Para coletar dados sobre episódios de violência sofrida, foram utilizadas perguntas adaptadas do questionário validado (Schraiber et al., 2010) utilizado com mulheres, no relato de violência sofrida, como segue: para a violência psicológica - “Alguma vez, alguém (na rua, no bar, no trabalho ou em sua casa) já o insultou, depreciou ou fez com que você se sentisse desvalorizado?”; para a violência física – “Alguma vez, alguém (na rua, no bar, no trabalho ou em sua casa) já o agrediu fisicamente (com tapas, empurrões, socos, chutes etc)? Se sim, quantas vezes? (Uma, poucas vezes, muitas vezes)”; para a violência sexual - “Alguma vez, alguém já o forçou a ter relação sexual contra sua vontade? Se sim, quantas vezes? (Uma, poucas vezes, muitas vezes)”.
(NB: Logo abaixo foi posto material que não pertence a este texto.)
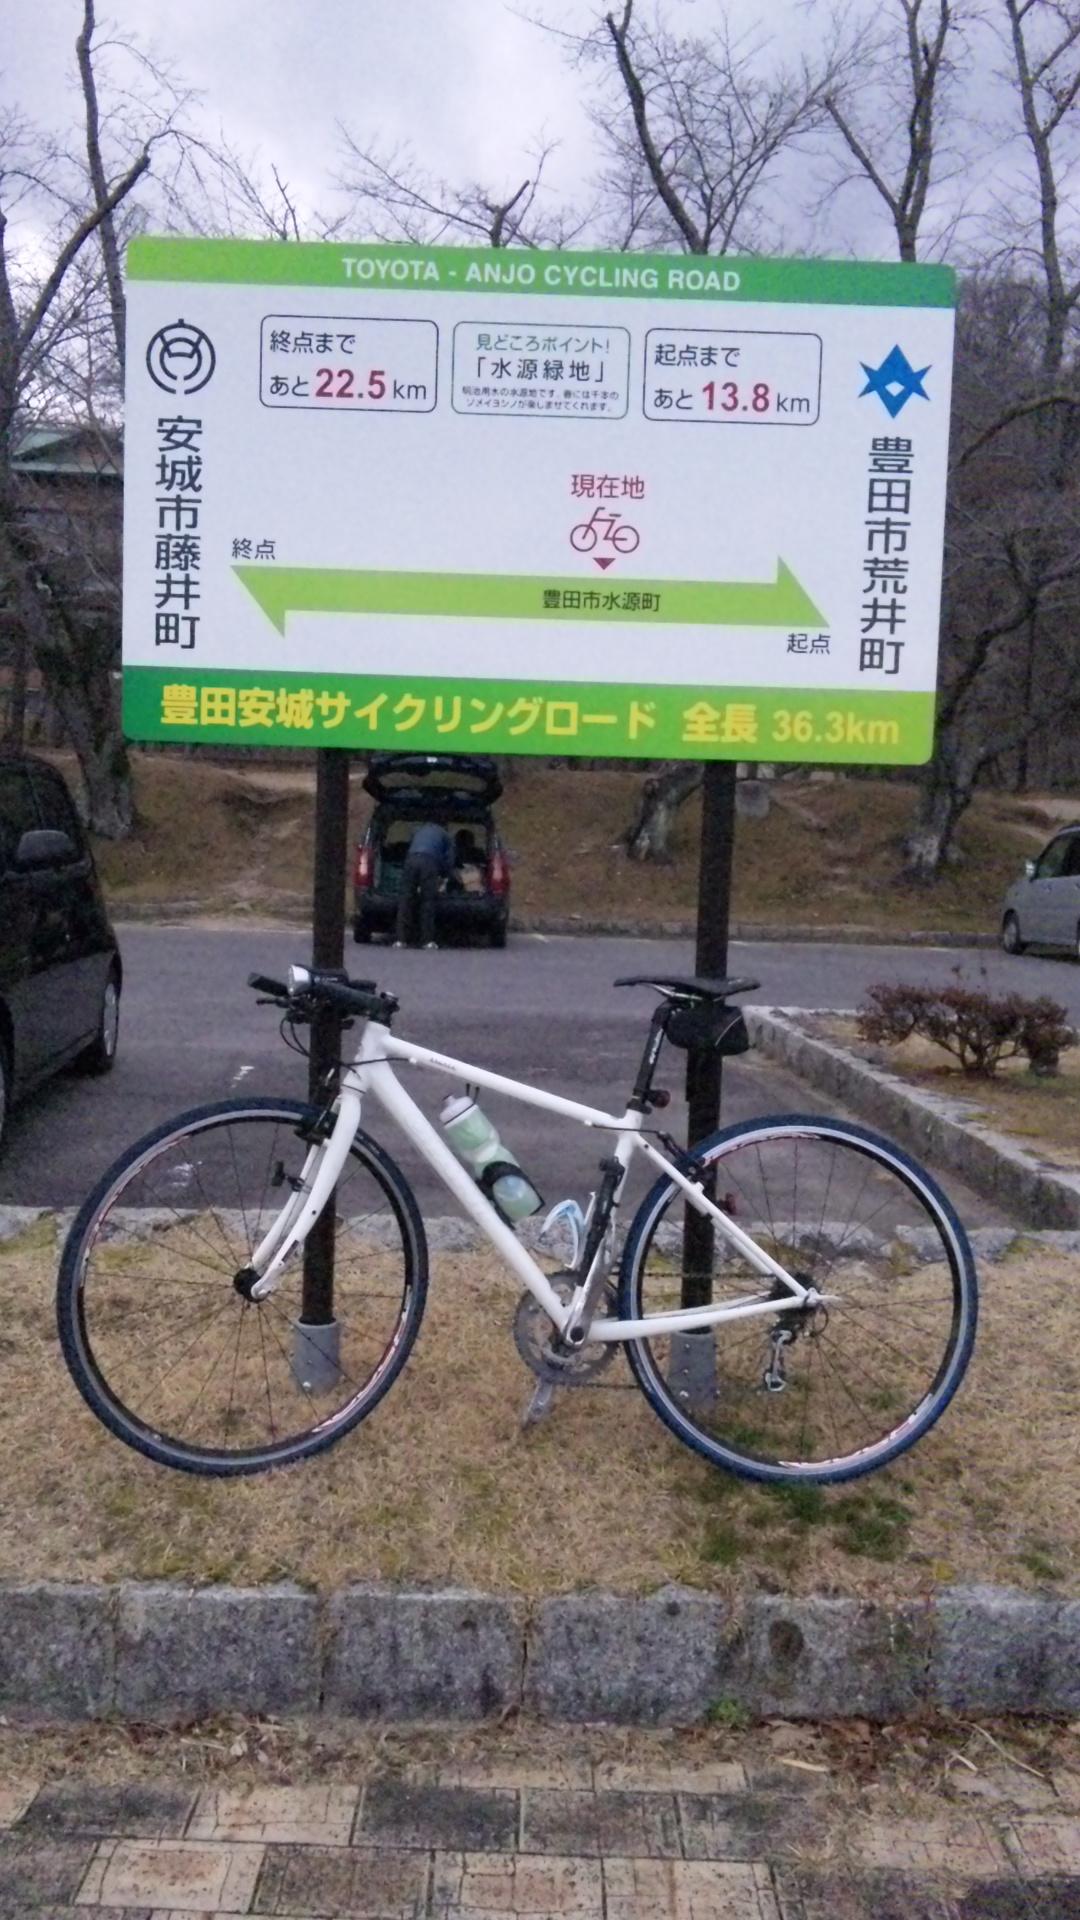 R3安城〜豊田自転車道80Km

Como dito, foram pesquisadas as violências perpetradas pelos entrevistados contra suas parceiras, nos tipos psicológica, física e sexual, mas também foi investigada a violência contra outros que não a parceira, apenas no tipo físico. Além disso, foi perguntado se os homens haviam testemunhado violência na família durante a infância (presenciar brigas na família e/ou ver a mãe ser agredida por pai ou companheiro).
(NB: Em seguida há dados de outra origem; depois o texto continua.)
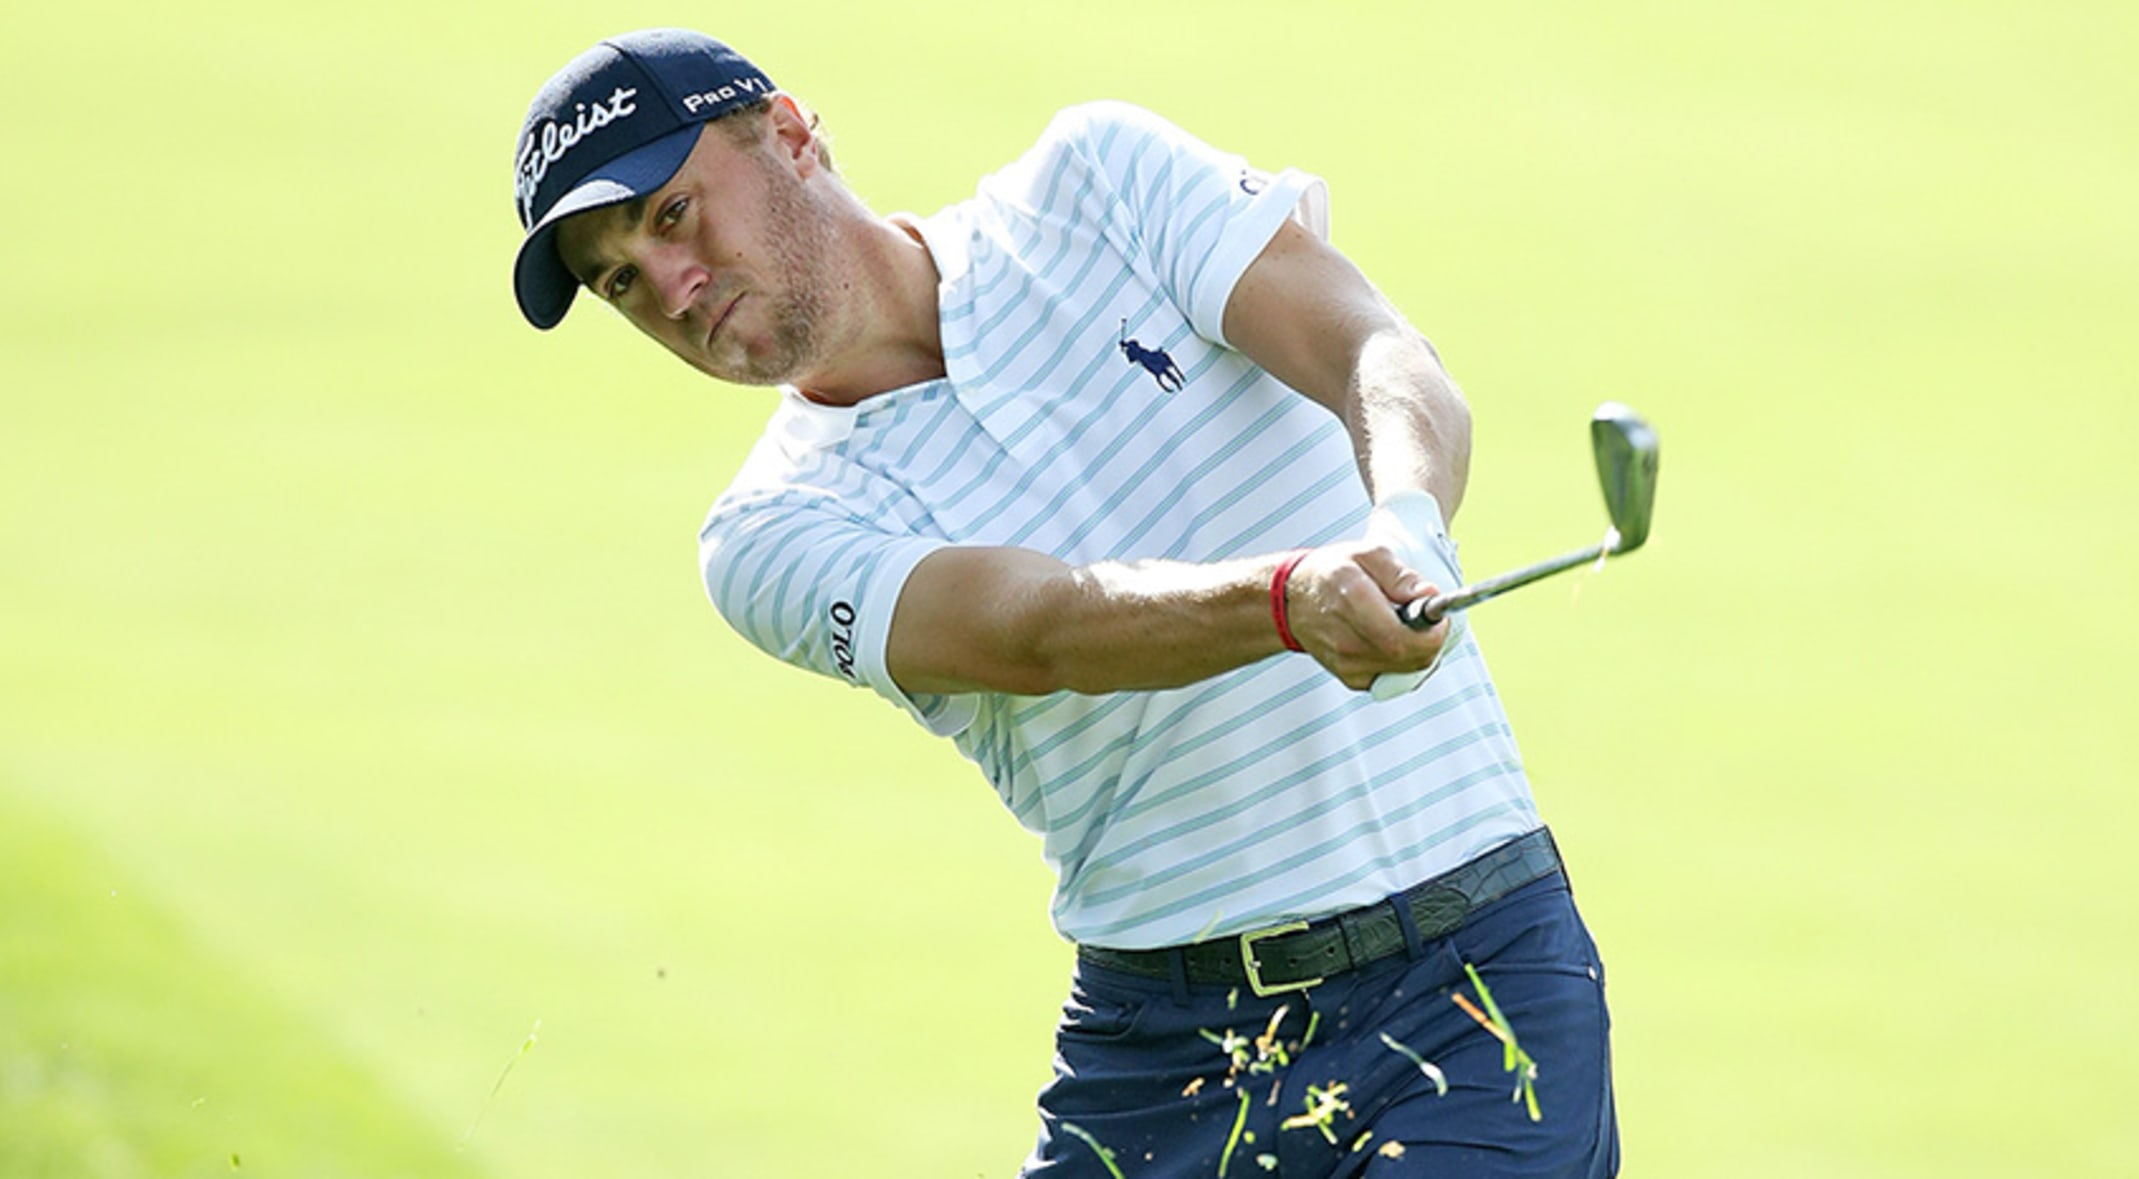 Power Rankings Fantasy Golf Advice For Dell Technologies Championship

Perguntas sobre as várias formas de violência, sofrida ou perpetrada, não continham o termo violência, mas discriminavam atos de agressão, justamente para não induzir a resposta do entrevistado. Para a estimativa da percepção dos homens quanto a considerarem o sofrido como violência, foi indagado, no final do questionário: “Você considera que sofreu violência por alguma pessoa na vida?”

Com as fichas padronizadas, fez-se a leitura dos prontuários dos entrevistados que tinham matrícula de usuário a mais de um mês, a partir da data da entrevista.
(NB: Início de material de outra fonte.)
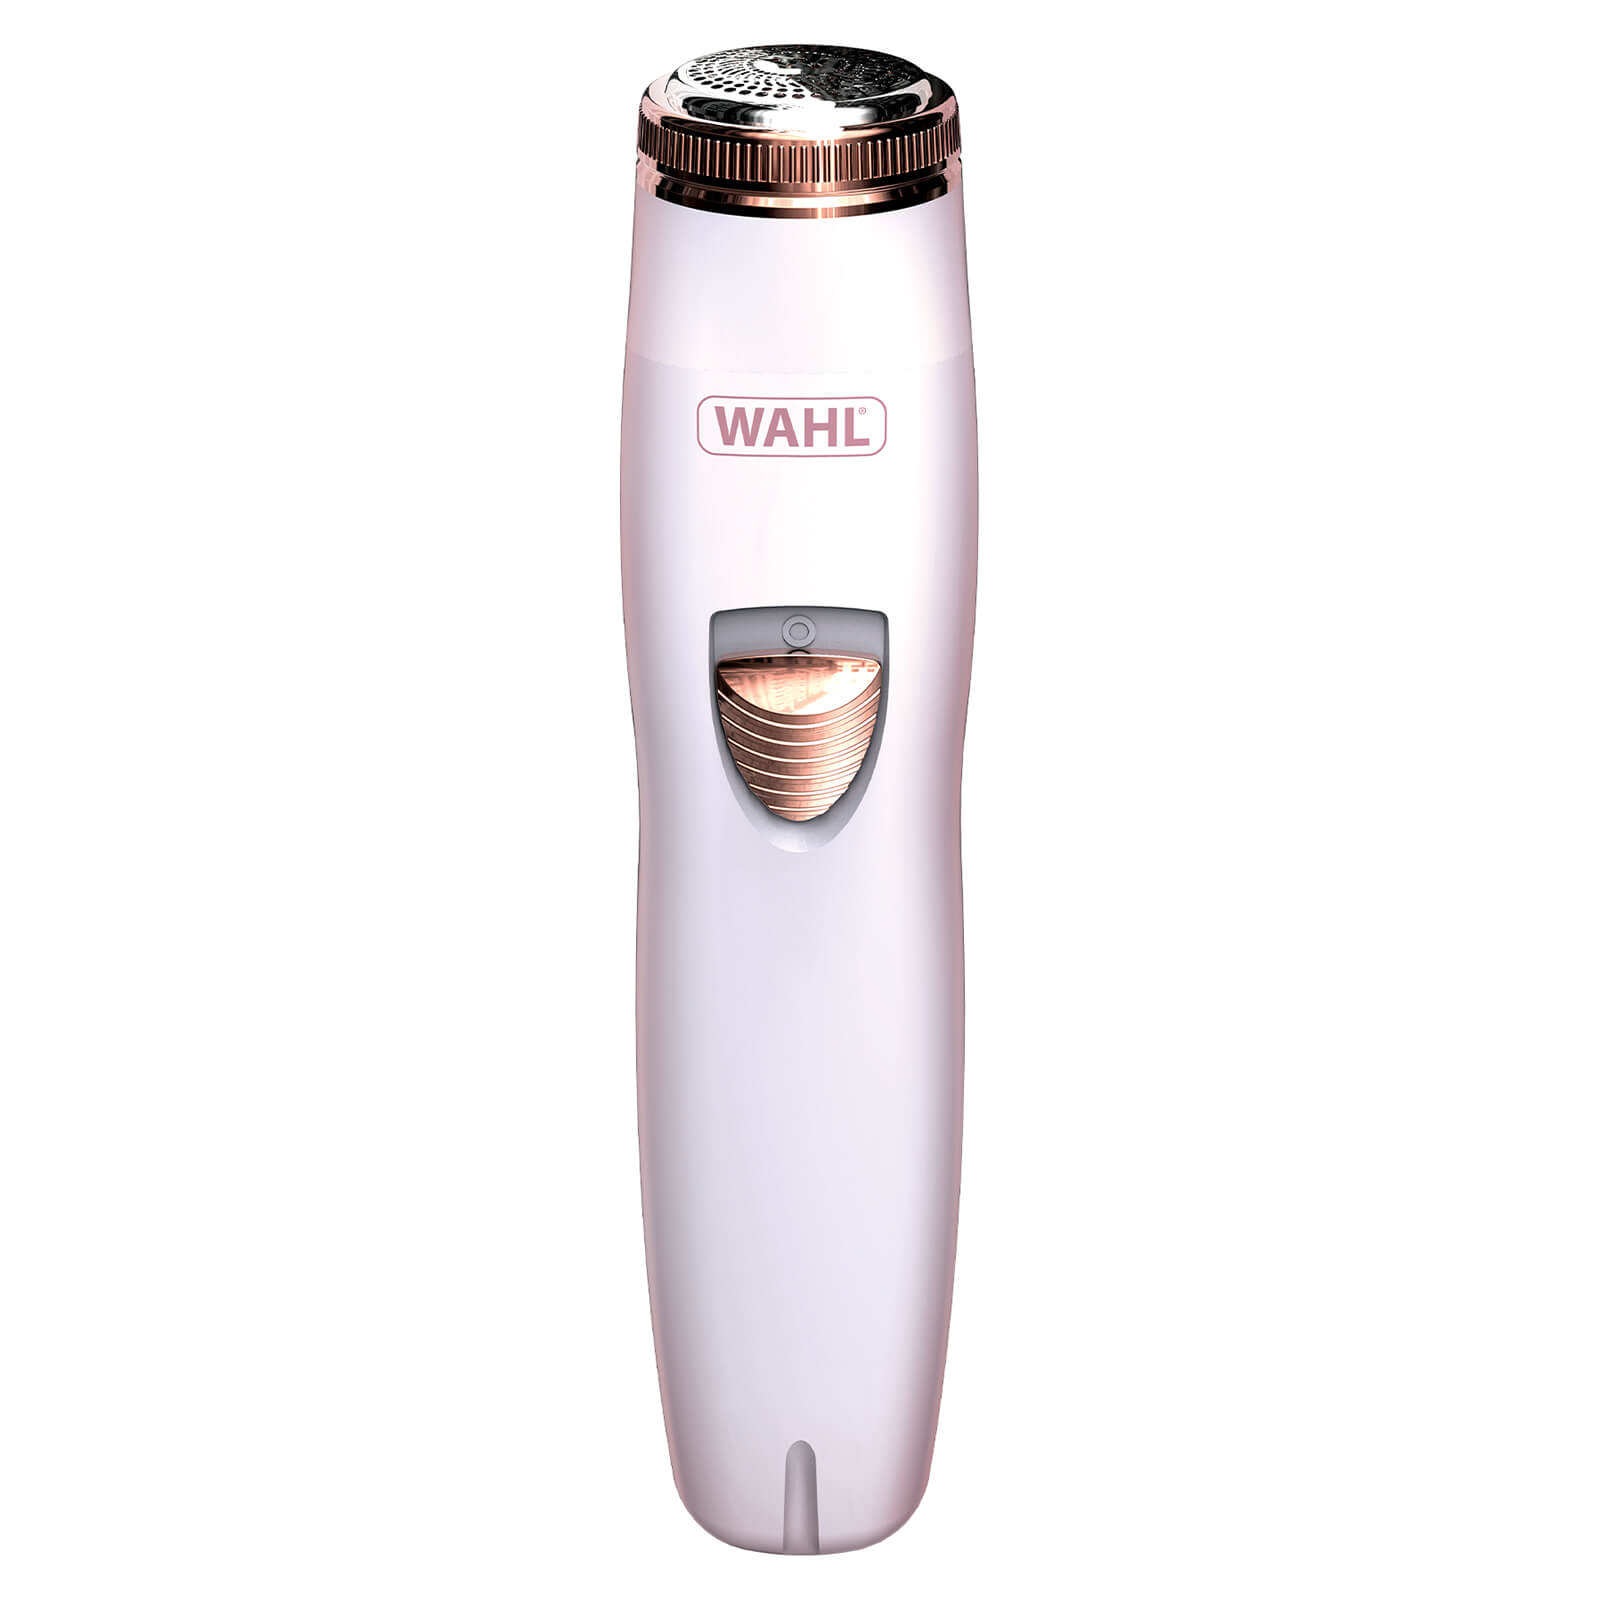 Купить Wahl Trimmer Kit Facial Hair Remover

Com a ficha de leitura I (Anexo II) buscou-se caracterizar a frequência de comparecimentos ao serviço e a de uso das seguintes atividades assistenciais: consulta de pronto-atendimento; atendimento de enfermagem; participação em atividades preventivas em grupo; consultas no serviço de saúde mental; consultas agendadas em termos de comparecimento e faltas. Foram encontrados e lidos 461 prontuários médicos de homens que tinham matricula no serviço há pelo menos um mês. É importante ressaltar que as atividades mais utilizadas encontradas na amostra em geral foram, pela ordem, pronto-atendimento, consultas em saúde mental e atendimento de enfermagem.

Com a ficha de leitura II (Anexo III), fez-se uma análise das demandas registradas nos prontuários de homens que haviam utilizado o serviço durante os doze

24

meses anteriores à entrevista, contabilizando-se 410 prontuários do total de 477. Nestes, foram coletados queixas/diagnósticos segundo a atividade de atendimento ocorrida nos 12 meses anteriores ao levantamento dos dados, independentemente do profissional de saúde que a realizou.

Portanto, buscou-se identificar as queixas e/ou os diagnósticos e as resoluções dadas em cada atendimento, possibilitando o estudo do acolhimento/resposta às demandas apresentadas pelos usuários. Foram coletadas informações agrupadas por sistemas, tais como: osteomuscular (dor nas costas, dor nos pés, lesão); cardiocirculatório (angina, varizes, hipertensão); digestório (dor e estômago, náusea/azia, dispepsia/indigestão); respiratório (dispneia, estado ofegante, asma); neurológico (convulsão epilepsia, nevralgia); psicológicos (depressão, ansiedade, tentativa de suicídio), e queixas gerais (febre, sudorese, fraqueza). Deve-se enfatizar que foram priorizadas até cinco queixas por consulta ou qualquer outro tipo de atendimento. Nessa perspectiva, nos casos dos pacientes que tinham muita sintomatologia, foram abordadas as cinco primeiras e principais queixas/solicitações.

É importante ressaltar que, nos serviços de atenção primária à saúde, muitas vezes não são registrados a queixa do usuário e o diagnóstico definido pelo profissional de saúde separadamente. Portanto, os dados foram coletados na forma de queixas e/ou diagnósticos.

A pesquisa maior recebeu aprovação da Comissão de Ética para Análise de Projetos de Pesquisa da (CAPPesq) da Faculdade de Medicina da Universidade de São Paulo.

Os primeiros resultados, com análise descritiva das informações constituíram artigo submetido e aprovado pela Revista Brasileira de Epidemiologia, cujo texto final (aguardando publicação).